Since its origin in the Simplify prover [7], E-matching has been adapted and improved in implementations for a variety of SMT solvers [1, 2, 4, 11, 17]. Since E-matching-based instantiation gives weak guarantees for satisfiable problems (typically returning unknown as an outcome), for problem domains where satisfiability (and a corresponding model) is the desired outcome, alternative instantiation techniques have been proposed [12, 20, 21]. For specific domains, these are often preferable, but for problems in which many external concepts need to be modelled with quantifiers, such as deductive program verification, E-matching remains the only general solution. While our work focuses on E-matching support, it would be interesting future work to investigate to what extent we could also provide useful information about other quantifier instantiation strategies.

As discussed in the Introduction, we build upon the VCC Axiom Profiler [16] tool, which defined first versions of the logging in Z3 (without equality information), the raw data display (retained in our middle panel) and a basic display of information per quantifier, without explanations of equalities used to justify matches. The contributions of this paper make it practical to quickly navigate and understand even complicated SMT runs, in ways impossible with the previous tool. Nonetheless, this prior tool was a very helpful basis for our implementation.

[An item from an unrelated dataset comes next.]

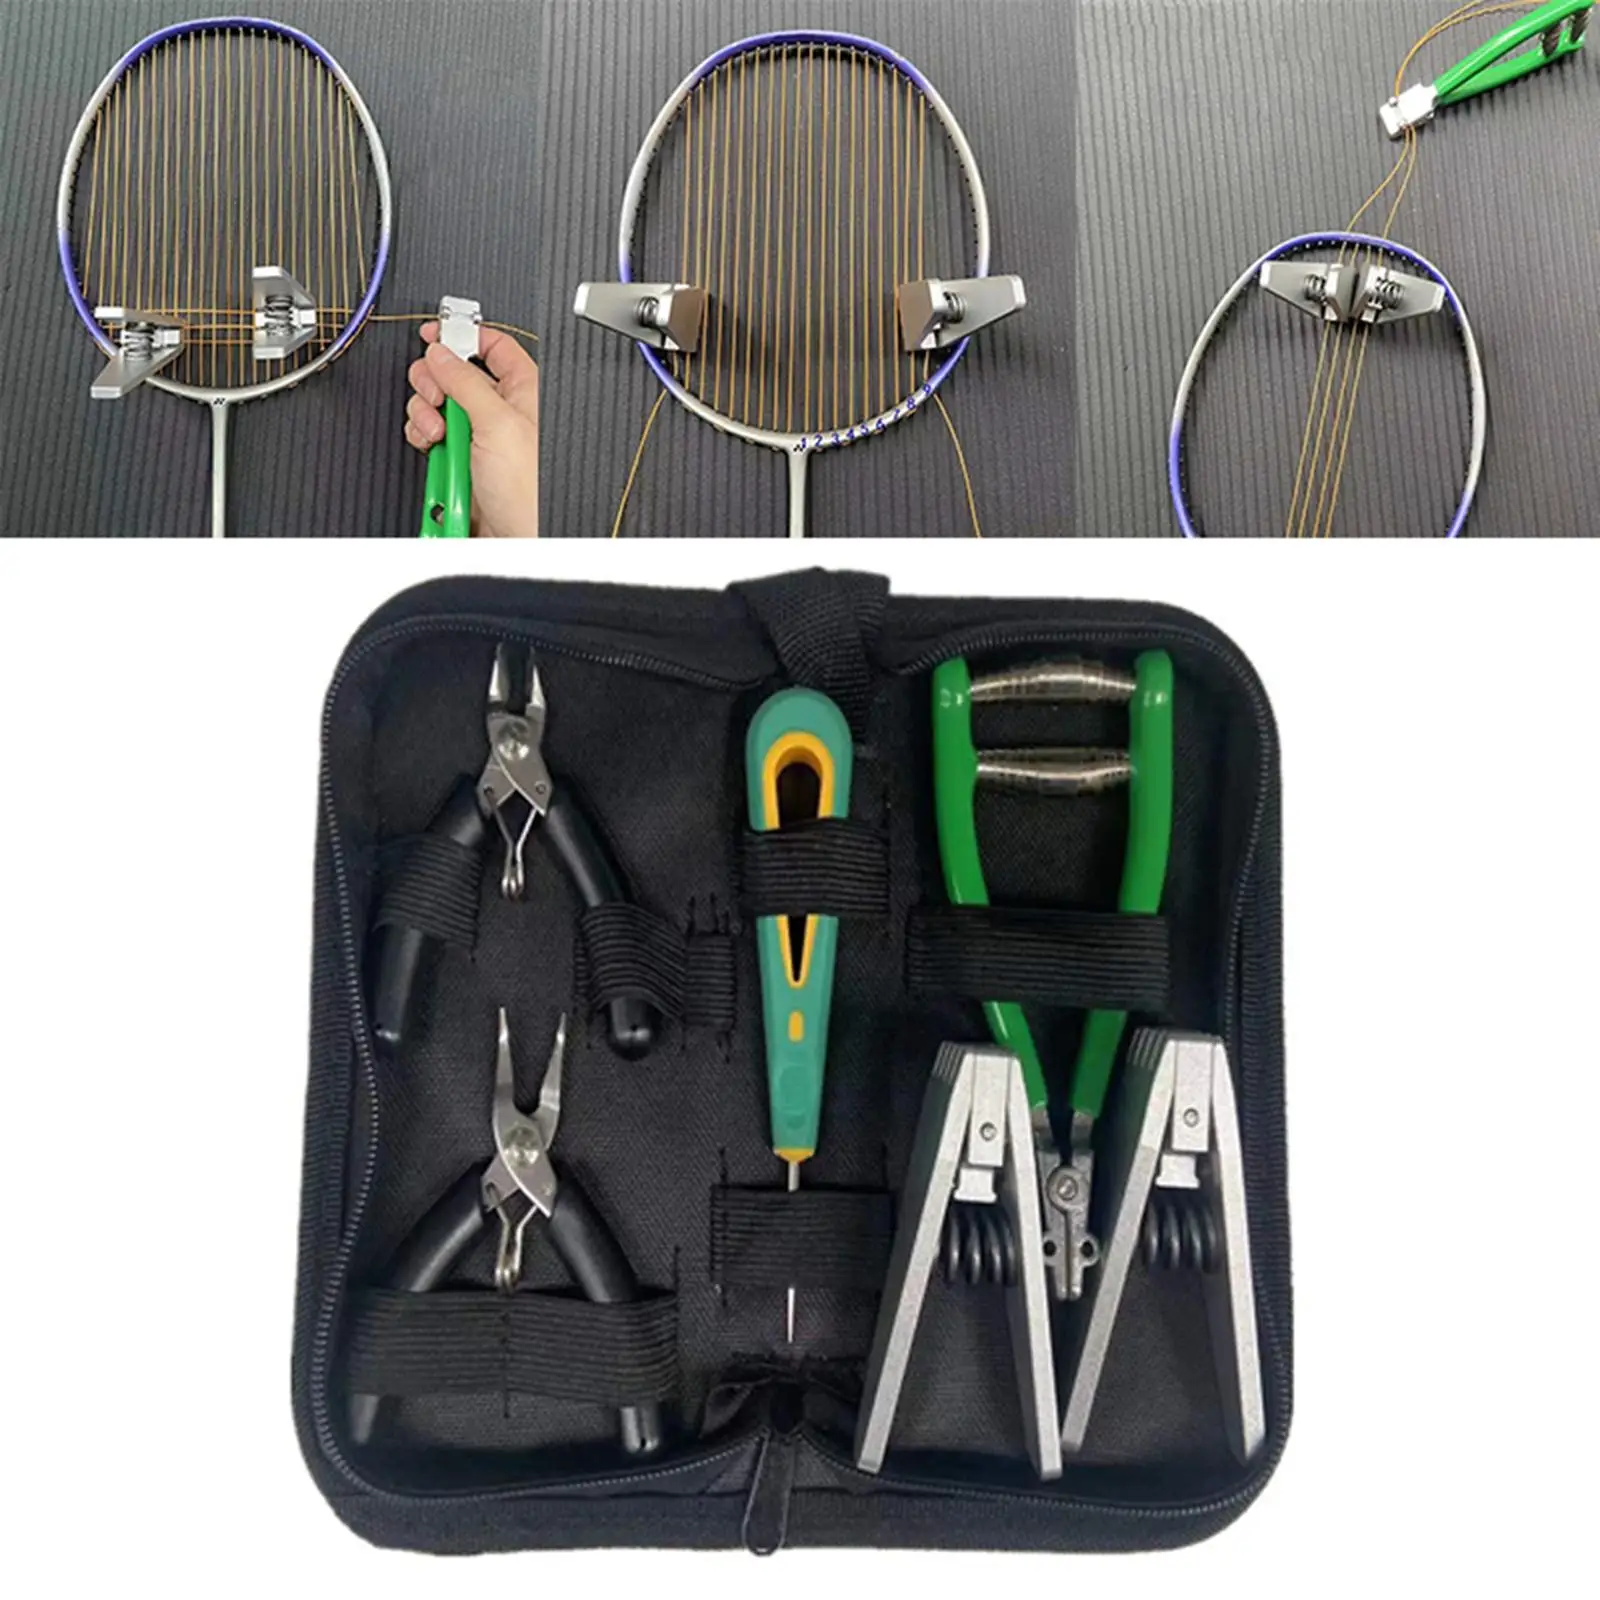 Starting Stringing Clamp Tool Kit Badminton Squash Tennis Racket Storage Bag

The serious challenges of pattern selection have warranted papers both on expert strategies [14, 16], and for formalising the logical meaning of quantifiers equipped with patterns [8]. Various SMT solvers select patterns for quantifiers automatically (if omitted by the user). To reduce the uncertainty introduced in this way, many program verification tools select their own patterns when encoding to SMT (e.g., VCC [3], Viper [18], Dafny [13]). Leino and Pit-Claudel [15] present a technique for selecting patterns in Dafny while avoiding direct matching loops; the matching loops we found in Dafny tests arose in spite of this functionality.

9 Conclusions

In this paper, we presented a comprehensive solution for the analysis of quantifier instantiations in SMT solvers. Our newly-developed Axiom Profiler enables a user to effectively explore and understand the quantifier instantiations performed by an SMT run, their connections and potentially-problematic patterns which arise (e.g. due to matching loops). Our instantiation graph, customisable visualisation of information and automatic explanations for matching loops make investigating even complex SMT queries practical in reasonable time. Furthermore, we were able to script these analyses to uncover matching loops in a variety of test suites for existing tools; it would be interesting to analyse further tools in this way.

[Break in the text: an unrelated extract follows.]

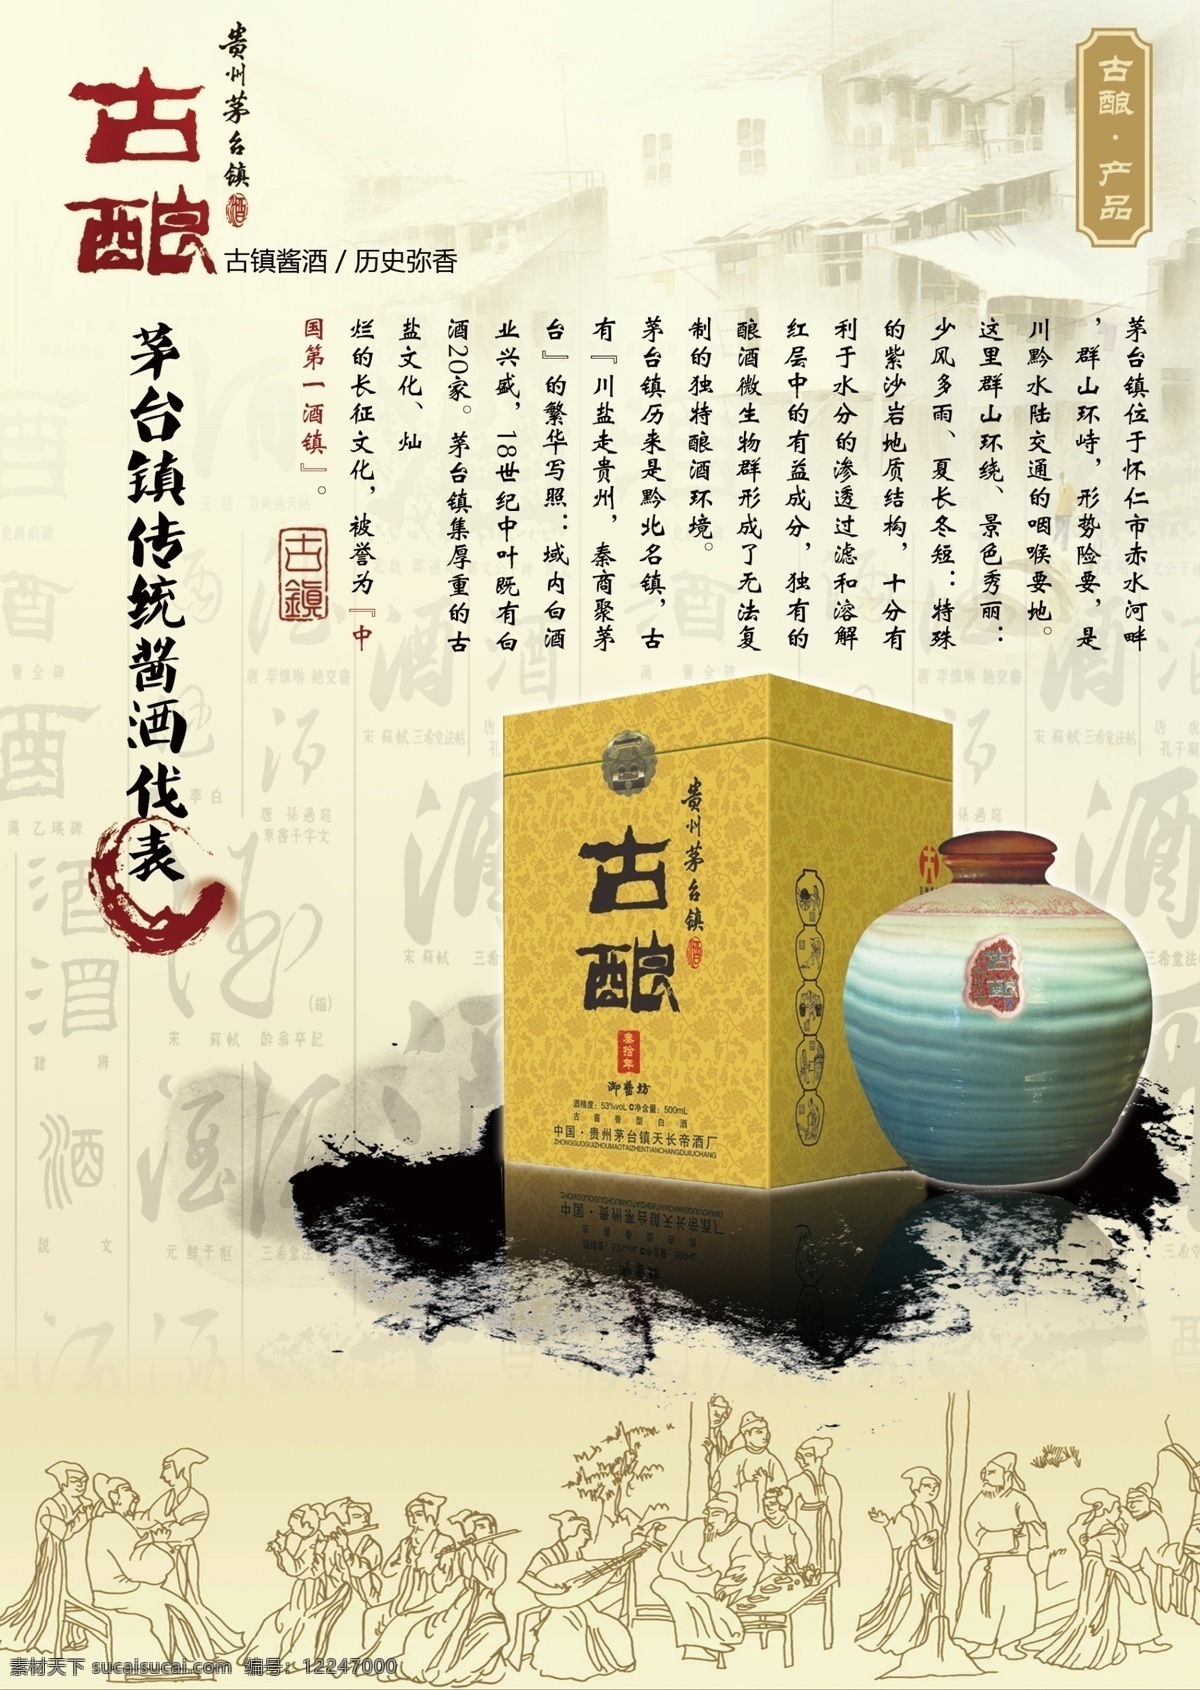 古酿酒 古酿 白酒 酒 酒文化 中国风 广告设计模板 源文件

As future work, we plan to investigate tighter integration with tools that build on SMT solvers, e.g. to represent terms at a higher level of abstraction. We also plan to investigate whether theory-reasoning steps in the SMT solver can be made less opaque to our tool, especially with respect to justifying equalities. Automating explanations for matching loops with repeating structures more complex than single paths would be a challenging extension of our techniques.